We burst out of the shop and run down the street. Max is laughing with exhilaration, a pealing laughter that sounds so bright and happy, and for some bizarre reason my eyes suddenly prick with tears. I blink them away. I grip his small, hot hand tightly in mine as we sprint down the path.

I slow at the curb. The pedestrian light flashes green. Perfect. I charge across the road, pulling Max along behind me. He’s trying not to step on the black stripes on the zebra crossing – it’s a game we used to play.

Then I hear the roar of tyres and see a car bearing down on us, a thousand kilograms of red and black at seventy kilometres an hour. The driver’s not looking, and she's going fast, too fast. She has one hand on the wheel. Her passenger is watching something on his smartphone and laughing with his head thrown back, and for a surreal moment I wonder what it is he’s looking at that’s so funny. I see their gazes flick up and fix on us. Eyes widen, like a deer caught in the headlights. Except I am the deer, not them.
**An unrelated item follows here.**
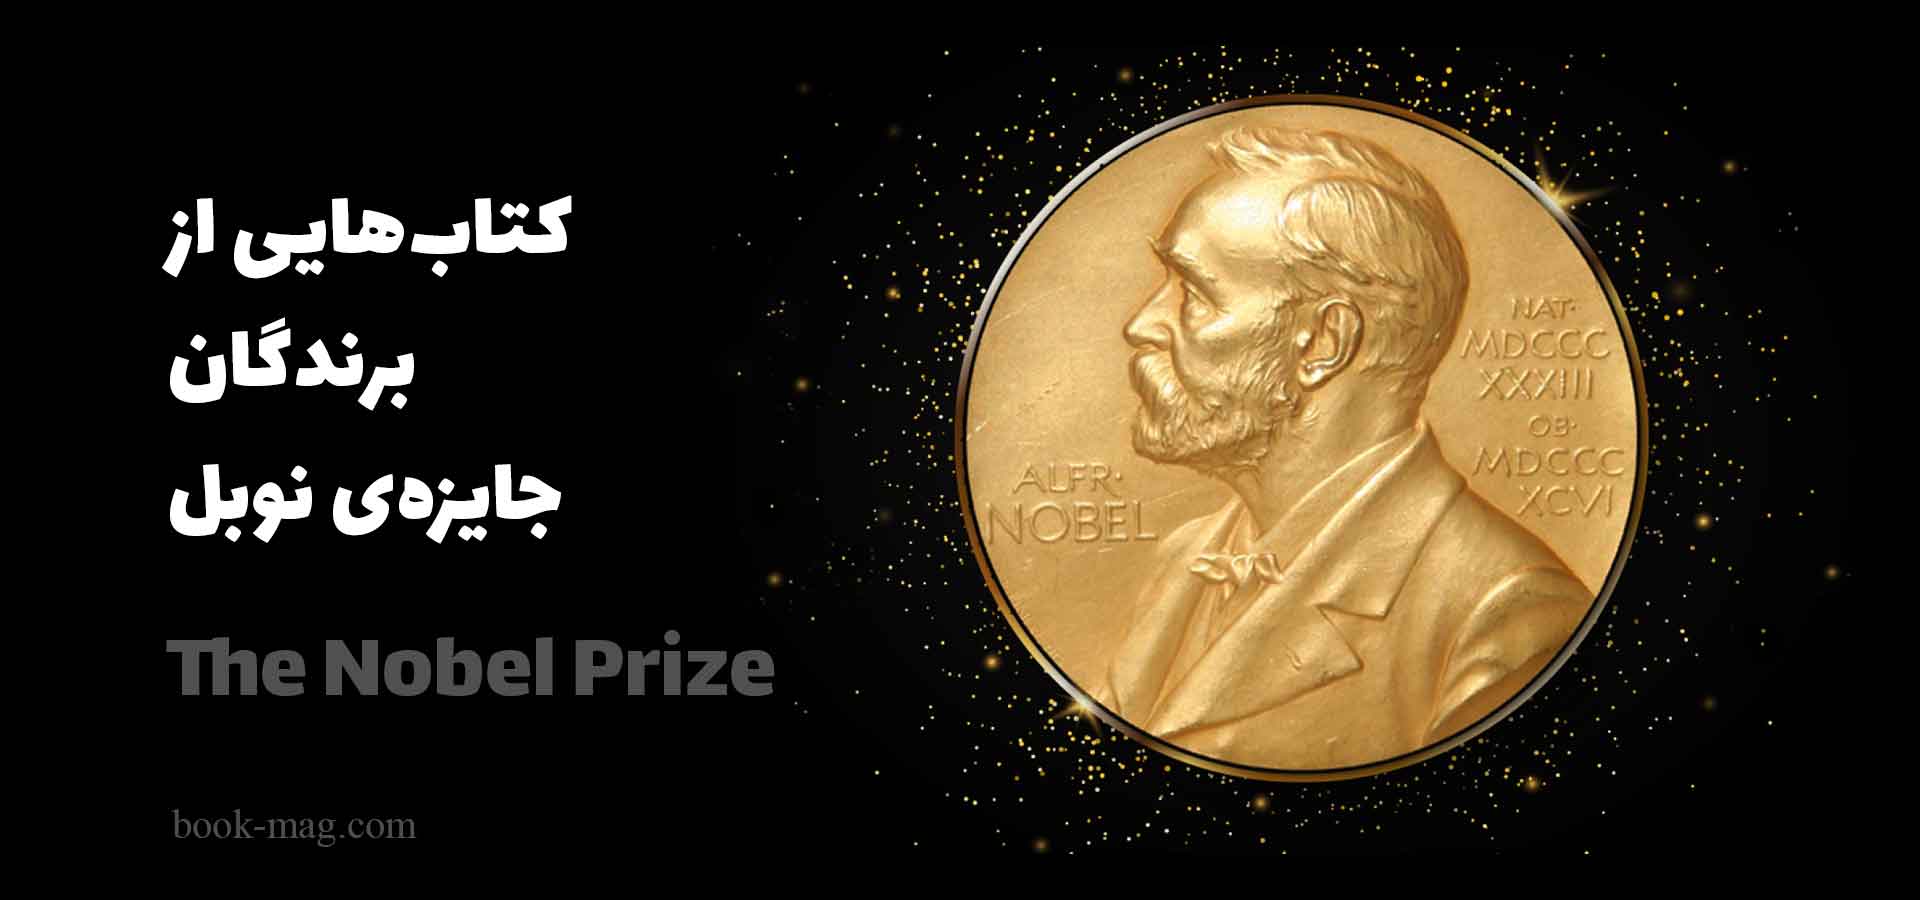 کتاب های برندگان جایزه نوبل به زبان فارسی + بوک مگ

In the split second that I have I shove Max behind me, as hard as I can, and he falls to the ground, crying out as his knee scrapes across the bitumen. Sorry, I want to say, but then the car hits me and the word falls soundlessly out of my mouth. I drop the coloured pencils.

My flesh and bones yield to the metal as my body folds around the bumper, glass stabbing, bones breaking, and the glare of the headlights burning my retinas. Three different kinds of pain, all at once. I'm on the ground before I even realise, staring in bewilderment at the shadows and lights swimming before my eyes.

Consciousness returns to me in pieces as I lie on the ground, the damp rising weirdly around me. Someone is screaming in my ear, a stream of frightened words that seeps into my ears. Max. I try to move, to say something to comfort him. My lips twitch, but that is all.

An engine revs and the car peels away. I can hear the panic in the screeching of the tyres as they roll by my numb fingers, grinding fallen jacaranda flowers into the ground.

The world slowly falls away, trees and buildings folding into paper shapes. Dimly, I wonder what they'll be thinking about, what they’ll say as they clean my blood off the front of their car. Cindy’s words come back to me, echoing through the ground, through my bones, reverberating in my skull. Isn’t that sad? Before my eyes slide shut I see Max's colouring pencils on the ground, crushed into multi-coloured wood chips, a small rainbow scattered across the black bitumen. It's a strangely beautiful sight.